Poster Session 4 · Thursday, December 4, 2025 4:30 PM → 7:30 PM
#4408
WorldWeaver: Generating Long-Horizon Video Worlds via Rich Perception
Abstract
Generative video modeling has made significant strides, yet ensuring structural and temporal consistency over long sequences remains a challenge. Current methods predominantly rely on RGB signals, leading to accumulated errors in object structure and motion over extended durations.
To address these issues, we introduce WorldWeaver, a robust framework for long video generation that jointly models RGB frames and perceptual conditions within a unified long-horizon modeling scheme.
Our training framework offers three key advantages.
- First, by jointly predicting perceptual conditions and color information from a unified representation, it significantly enhances temporal consistency and motion dynamics.
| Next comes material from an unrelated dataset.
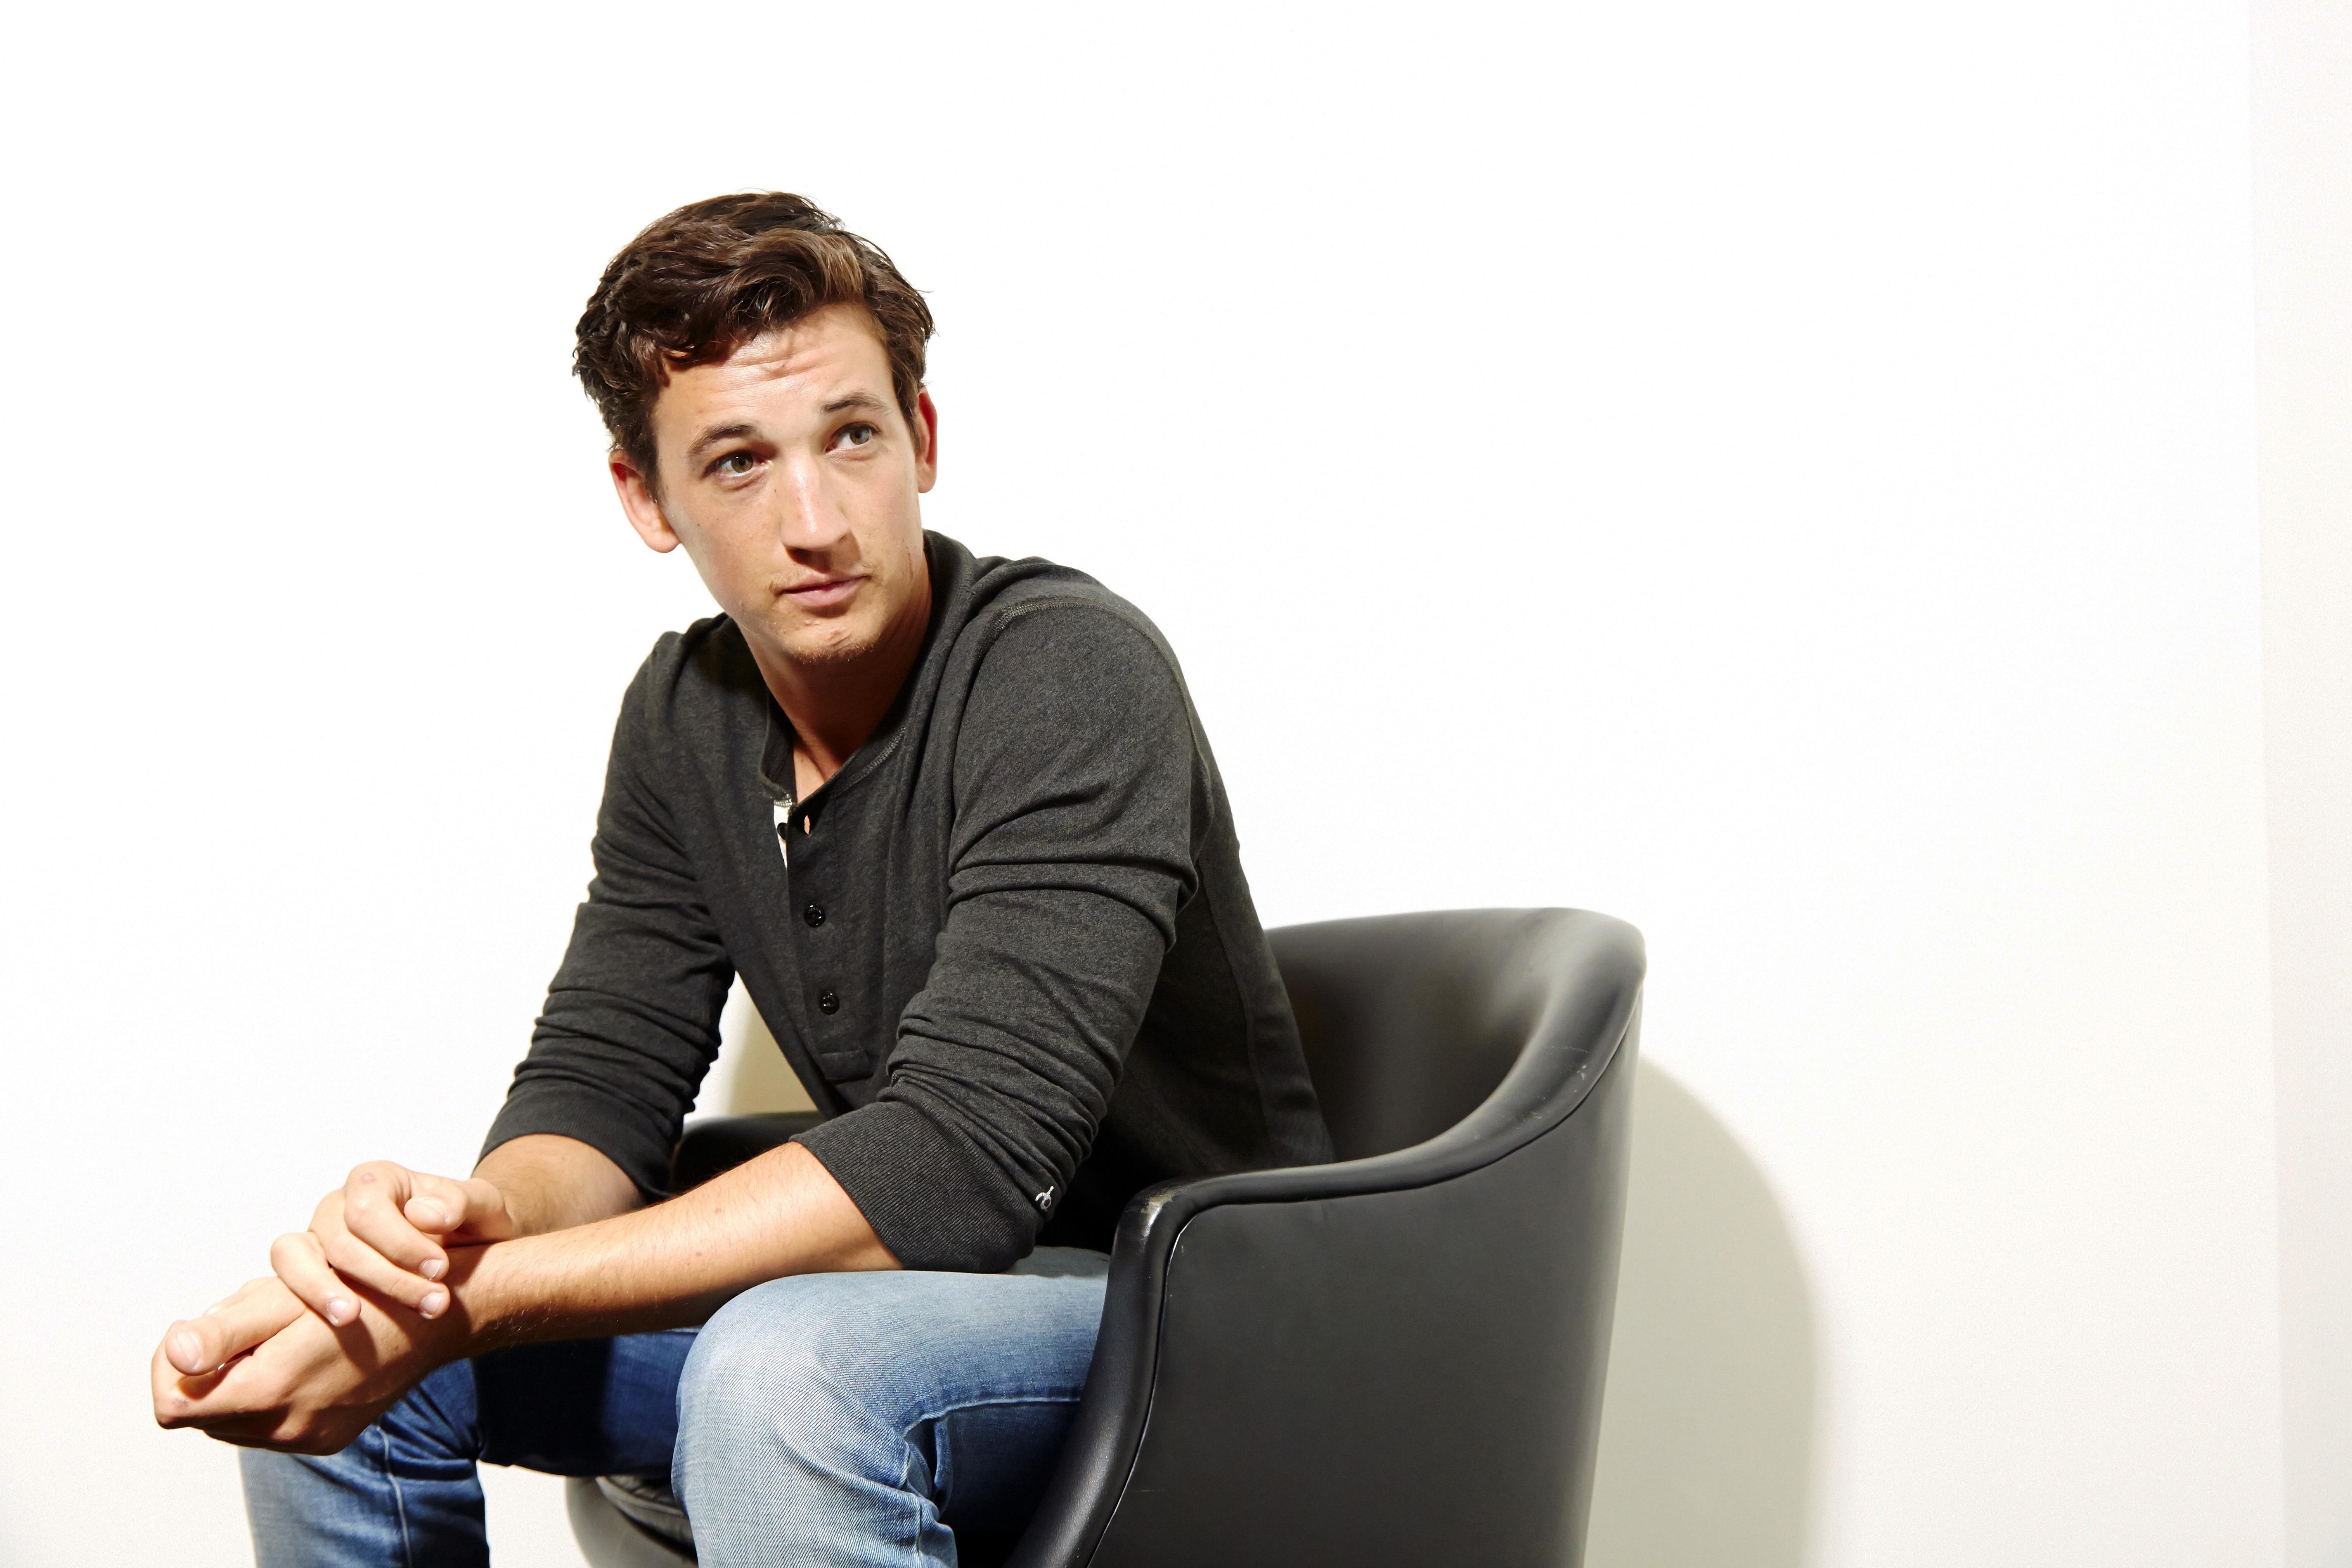 Bafta Rising Star nominee: Who is Miles Teller?

- Second, by leveraging depth cues, which we observe to be more resistant to drift than RGB, we construct a memory bank that preserves clearer contextual information, improving quality in long-horizon video generation.
- Third, we employ segmented noise scheduling for training prediction groups, which further mitigates drift and reduces computational cost.
Extensive experiments on both diffusion and rectified flow-based models demonstrate the effectiveness of WorldWeaver in reducing temporal drift and improving the fidelity of generated videos.